◆ **Assignment**
Exactly the lines starting at the line containing "Dienheimer Guldenmorgen 1972" and ending at the line containing "Toshiba IK-TF5C instruction" are to be written out from the listing below, both included.

[Start of section]

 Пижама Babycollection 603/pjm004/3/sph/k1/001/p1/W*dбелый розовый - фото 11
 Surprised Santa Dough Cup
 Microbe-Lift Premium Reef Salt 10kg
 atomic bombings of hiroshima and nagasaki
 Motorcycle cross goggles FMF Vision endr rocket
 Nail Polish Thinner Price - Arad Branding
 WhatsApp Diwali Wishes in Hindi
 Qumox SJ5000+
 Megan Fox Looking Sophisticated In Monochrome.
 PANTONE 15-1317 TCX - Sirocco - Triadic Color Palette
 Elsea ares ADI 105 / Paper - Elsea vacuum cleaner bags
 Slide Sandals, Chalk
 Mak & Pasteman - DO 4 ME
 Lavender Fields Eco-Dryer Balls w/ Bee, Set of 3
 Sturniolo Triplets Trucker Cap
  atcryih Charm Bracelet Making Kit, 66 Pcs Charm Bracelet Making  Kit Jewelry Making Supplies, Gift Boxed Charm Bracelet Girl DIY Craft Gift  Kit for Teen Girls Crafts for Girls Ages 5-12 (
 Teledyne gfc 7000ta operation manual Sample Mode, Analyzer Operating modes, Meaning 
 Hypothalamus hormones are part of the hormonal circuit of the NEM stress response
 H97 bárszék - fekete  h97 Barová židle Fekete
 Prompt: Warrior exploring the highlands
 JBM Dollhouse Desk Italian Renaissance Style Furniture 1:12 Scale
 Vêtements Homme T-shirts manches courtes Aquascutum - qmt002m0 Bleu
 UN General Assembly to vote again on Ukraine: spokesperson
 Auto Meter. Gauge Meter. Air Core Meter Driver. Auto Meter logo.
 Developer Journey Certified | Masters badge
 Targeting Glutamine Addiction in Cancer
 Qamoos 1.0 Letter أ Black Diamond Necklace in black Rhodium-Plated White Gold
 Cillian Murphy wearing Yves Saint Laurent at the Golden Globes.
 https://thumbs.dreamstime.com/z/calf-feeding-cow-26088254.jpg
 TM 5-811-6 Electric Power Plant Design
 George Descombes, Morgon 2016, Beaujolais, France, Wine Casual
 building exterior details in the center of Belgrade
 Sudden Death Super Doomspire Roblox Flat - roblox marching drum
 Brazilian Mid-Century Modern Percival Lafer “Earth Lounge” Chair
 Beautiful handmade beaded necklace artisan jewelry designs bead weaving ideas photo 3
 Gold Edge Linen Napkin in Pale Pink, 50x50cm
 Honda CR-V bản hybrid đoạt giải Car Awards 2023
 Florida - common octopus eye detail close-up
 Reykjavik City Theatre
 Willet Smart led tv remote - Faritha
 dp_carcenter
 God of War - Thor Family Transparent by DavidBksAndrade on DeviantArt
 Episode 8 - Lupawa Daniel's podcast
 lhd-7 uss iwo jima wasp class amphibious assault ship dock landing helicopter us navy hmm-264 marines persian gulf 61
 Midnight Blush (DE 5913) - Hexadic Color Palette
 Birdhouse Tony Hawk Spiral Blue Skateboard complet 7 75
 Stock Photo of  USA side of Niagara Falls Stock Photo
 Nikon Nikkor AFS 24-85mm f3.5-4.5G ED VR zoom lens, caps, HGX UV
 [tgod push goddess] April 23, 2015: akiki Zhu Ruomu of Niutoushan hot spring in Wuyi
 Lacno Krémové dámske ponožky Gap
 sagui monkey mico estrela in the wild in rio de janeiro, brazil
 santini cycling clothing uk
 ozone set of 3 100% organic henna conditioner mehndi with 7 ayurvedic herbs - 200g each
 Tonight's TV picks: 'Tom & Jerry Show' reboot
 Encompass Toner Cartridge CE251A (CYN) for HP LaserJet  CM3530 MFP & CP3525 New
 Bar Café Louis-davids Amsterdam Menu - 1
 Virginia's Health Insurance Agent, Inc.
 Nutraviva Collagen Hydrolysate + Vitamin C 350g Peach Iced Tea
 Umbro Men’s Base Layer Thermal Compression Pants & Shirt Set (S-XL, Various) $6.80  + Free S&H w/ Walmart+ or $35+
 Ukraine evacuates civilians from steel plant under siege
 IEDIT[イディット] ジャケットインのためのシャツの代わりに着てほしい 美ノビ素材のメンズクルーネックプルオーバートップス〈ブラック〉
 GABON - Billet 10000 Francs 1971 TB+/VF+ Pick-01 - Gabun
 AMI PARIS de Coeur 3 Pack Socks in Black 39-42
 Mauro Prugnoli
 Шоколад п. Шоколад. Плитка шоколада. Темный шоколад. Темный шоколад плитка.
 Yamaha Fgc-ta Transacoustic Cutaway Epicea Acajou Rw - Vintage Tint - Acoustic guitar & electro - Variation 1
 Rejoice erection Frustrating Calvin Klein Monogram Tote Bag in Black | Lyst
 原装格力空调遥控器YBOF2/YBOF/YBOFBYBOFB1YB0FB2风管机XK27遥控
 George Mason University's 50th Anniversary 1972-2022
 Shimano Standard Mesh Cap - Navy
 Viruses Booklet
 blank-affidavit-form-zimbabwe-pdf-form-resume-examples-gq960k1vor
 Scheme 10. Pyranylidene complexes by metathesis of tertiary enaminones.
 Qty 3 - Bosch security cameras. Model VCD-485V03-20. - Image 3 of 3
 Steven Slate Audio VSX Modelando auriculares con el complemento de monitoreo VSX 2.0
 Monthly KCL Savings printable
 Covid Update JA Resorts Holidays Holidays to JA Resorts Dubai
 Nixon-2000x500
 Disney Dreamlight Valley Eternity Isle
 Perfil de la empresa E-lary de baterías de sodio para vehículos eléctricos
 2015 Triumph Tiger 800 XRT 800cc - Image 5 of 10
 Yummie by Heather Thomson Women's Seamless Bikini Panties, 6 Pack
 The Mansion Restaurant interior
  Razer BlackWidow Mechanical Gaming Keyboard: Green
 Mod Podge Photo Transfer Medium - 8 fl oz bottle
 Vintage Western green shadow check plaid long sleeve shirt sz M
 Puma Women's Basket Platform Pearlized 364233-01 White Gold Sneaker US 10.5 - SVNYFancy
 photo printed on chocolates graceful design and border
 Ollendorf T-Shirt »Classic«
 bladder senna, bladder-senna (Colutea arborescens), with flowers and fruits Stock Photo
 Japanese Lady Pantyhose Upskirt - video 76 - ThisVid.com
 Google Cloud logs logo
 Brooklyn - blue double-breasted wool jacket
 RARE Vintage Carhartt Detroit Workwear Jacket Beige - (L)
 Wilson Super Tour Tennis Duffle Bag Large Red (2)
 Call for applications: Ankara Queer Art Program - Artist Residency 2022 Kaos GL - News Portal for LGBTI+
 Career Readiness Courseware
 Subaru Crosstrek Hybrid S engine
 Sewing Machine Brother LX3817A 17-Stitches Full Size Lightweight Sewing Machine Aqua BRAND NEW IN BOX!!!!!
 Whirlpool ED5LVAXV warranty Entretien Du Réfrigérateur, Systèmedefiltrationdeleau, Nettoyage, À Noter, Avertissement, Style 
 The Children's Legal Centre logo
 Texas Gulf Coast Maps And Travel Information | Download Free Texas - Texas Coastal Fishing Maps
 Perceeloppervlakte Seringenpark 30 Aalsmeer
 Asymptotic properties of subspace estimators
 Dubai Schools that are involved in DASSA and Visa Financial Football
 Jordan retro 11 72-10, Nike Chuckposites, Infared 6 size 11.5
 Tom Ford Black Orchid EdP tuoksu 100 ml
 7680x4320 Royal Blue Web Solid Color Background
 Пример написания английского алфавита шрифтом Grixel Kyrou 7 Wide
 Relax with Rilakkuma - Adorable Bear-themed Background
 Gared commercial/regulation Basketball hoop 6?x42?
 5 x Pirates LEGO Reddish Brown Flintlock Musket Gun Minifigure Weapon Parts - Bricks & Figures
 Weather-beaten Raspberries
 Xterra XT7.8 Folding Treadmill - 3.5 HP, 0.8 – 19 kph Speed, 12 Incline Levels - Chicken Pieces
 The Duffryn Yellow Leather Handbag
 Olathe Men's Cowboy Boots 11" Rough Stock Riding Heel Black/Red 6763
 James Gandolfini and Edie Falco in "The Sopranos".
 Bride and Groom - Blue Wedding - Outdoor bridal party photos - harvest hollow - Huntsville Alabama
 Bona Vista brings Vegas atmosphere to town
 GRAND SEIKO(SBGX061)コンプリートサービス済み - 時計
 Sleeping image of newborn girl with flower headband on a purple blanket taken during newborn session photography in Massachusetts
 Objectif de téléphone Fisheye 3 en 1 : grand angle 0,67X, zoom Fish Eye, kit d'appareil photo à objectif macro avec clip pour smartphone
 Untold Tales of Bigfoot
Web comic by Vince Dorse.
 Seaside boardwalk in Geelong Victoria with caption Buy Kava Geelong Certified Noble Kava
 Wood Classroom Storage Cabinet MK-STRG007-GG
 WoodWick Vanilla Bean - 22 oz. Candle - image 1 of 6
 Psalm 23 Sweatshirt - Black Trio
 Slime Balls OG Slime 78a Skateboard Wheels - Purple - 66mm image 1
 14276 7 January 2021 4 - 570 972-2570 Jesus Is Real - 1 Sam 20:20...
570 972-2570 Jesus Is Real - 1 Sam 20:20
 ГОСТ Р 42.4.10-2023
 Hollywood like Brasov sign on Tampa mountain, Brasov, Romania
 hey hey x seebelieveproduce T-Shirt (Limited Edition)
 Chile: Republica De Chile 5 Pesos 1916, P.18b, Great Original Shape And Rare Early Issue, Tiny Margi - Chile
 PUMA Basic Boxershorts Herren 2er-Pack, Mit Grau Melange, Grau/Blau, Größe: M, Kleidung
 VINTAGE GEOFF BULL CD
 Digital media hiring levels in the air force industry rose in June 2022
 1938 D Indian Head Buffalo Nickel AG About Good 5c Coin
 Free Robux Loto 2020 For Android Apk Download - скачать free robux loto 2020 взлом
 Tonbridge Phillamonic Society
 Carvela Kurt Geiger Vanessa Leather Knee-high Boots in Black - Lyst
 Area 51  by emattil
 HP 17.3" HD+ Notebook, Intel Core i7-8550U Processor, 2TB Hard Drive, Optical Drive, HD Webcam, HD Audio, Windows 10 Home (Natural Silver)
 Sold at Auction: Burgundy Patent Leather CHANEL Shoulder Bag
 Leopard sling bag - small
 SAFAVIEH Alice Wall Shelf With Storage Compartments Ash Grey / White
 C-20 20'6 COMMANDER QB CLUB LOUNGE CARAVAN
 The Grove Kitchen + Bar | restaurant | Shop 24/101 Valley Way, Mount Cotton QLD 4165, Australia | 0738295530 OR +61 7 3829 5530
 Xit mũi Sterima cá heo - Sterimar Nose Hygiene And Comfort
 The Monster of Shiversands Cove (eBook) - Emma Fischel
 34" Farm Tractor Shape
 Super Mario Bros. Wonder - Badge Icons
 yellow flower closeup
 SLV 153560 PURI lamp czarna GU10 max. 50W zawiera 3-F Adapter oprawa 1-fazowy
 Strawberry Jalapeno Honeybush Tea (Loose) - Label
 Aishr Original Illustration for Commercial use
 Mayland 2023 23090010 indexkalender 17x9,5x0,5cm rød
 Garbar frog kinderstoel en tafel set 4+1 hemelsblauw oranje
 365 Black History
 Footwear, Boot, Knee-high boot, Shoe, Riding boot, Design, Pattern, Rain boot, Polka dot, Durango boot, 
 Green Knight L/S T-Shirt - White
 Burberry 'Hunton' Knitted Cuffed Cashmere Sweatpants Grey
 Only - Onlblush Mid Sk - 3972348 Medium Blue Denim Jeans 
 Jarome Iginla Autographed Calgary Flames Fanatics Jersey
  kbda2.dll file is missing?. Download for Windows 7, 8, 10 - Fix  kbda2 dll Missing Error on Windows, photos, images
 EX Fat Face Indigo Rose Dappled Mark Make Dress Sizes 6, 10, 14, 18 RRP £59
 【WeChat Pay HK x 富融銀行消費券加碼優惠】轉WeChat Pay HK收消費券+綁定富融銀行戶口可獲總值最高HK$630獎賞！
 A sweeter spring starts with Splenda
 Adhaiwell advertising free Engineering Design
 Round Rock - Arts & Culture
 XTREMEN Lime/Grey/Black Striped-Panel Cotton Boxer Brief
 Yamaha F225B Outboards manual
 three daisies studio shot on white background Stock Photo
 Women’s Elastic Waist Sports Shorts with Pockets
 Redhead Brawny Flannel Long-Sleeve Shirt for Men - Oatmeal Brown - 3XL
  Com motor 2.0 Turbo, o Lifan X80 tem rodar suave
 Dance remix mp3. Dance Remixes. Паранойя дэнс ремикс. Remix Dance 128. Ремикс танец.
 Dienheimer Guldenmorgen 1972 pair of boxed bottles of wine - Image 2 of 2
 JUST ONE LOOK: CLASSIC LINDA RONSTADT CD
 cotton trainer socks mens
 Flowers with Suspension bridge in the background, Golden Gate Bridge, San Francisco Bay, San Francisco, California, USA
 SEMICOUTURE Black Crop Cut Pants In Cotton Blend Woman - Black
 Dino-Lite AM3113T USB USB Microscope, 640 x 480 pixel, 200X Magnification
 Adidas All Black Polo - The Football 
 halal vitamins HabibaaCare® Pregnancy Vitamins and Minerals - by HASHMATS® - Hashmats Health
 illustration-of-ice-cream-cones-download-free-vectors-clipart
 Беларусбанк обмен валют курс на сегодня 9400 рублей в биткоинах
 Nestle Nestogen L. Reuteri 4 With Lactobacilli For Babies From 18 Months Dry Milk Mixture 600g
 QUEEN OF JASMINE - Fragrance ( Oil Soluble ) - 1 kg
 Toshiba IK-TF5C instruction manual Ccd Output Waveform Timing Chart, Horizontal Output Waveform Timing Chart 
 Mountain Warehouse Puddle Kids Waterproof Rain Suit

[End of section]

◆ **Task output**
 Dienheimer Guldenmorgen 1972 pair of boxed bottles of wine - Image 2 of 2
 JUST ONE LOOK: CLASSIC LINDA RONSTADT CD
 cotton trainer socks mens
 Flowers with Suspension bridge in the background, Golden Gate Bridge, San Francisco Bay, San Francisco, California, USA
 SEMICOUTURE Black Crop Cut Pants In Cotton Blend Woman - Black
 Dino-Lite AM3113T USB USB Microscope, 640 x 480 pixel, 200X Magnification
 Adidas All Black Polo - The Football 
 halal vitamins HabibaaCare® Pregnancy Vitamins and Minerals - by HASHMATS® - Hashmats Health
 illustration-of-ice-cream-cones-download-free-vectors-clipart
 Беларусбанк обмен валют курс на сегодня 9400 рублей в биткоинах
 Nestle Nestogen L. Reuteri 4 With Lactobacilli For Babies From 18 Months Dry Milk Mixture 600g
 QUEEN OF JASMINE - Fragrance ( Oil Soluble ) - 1 kg
 Toshiba IK-TF5C instruction manual Ccd Output Waveform Timing Chart, Horizontal Output Waveform Timing Chart 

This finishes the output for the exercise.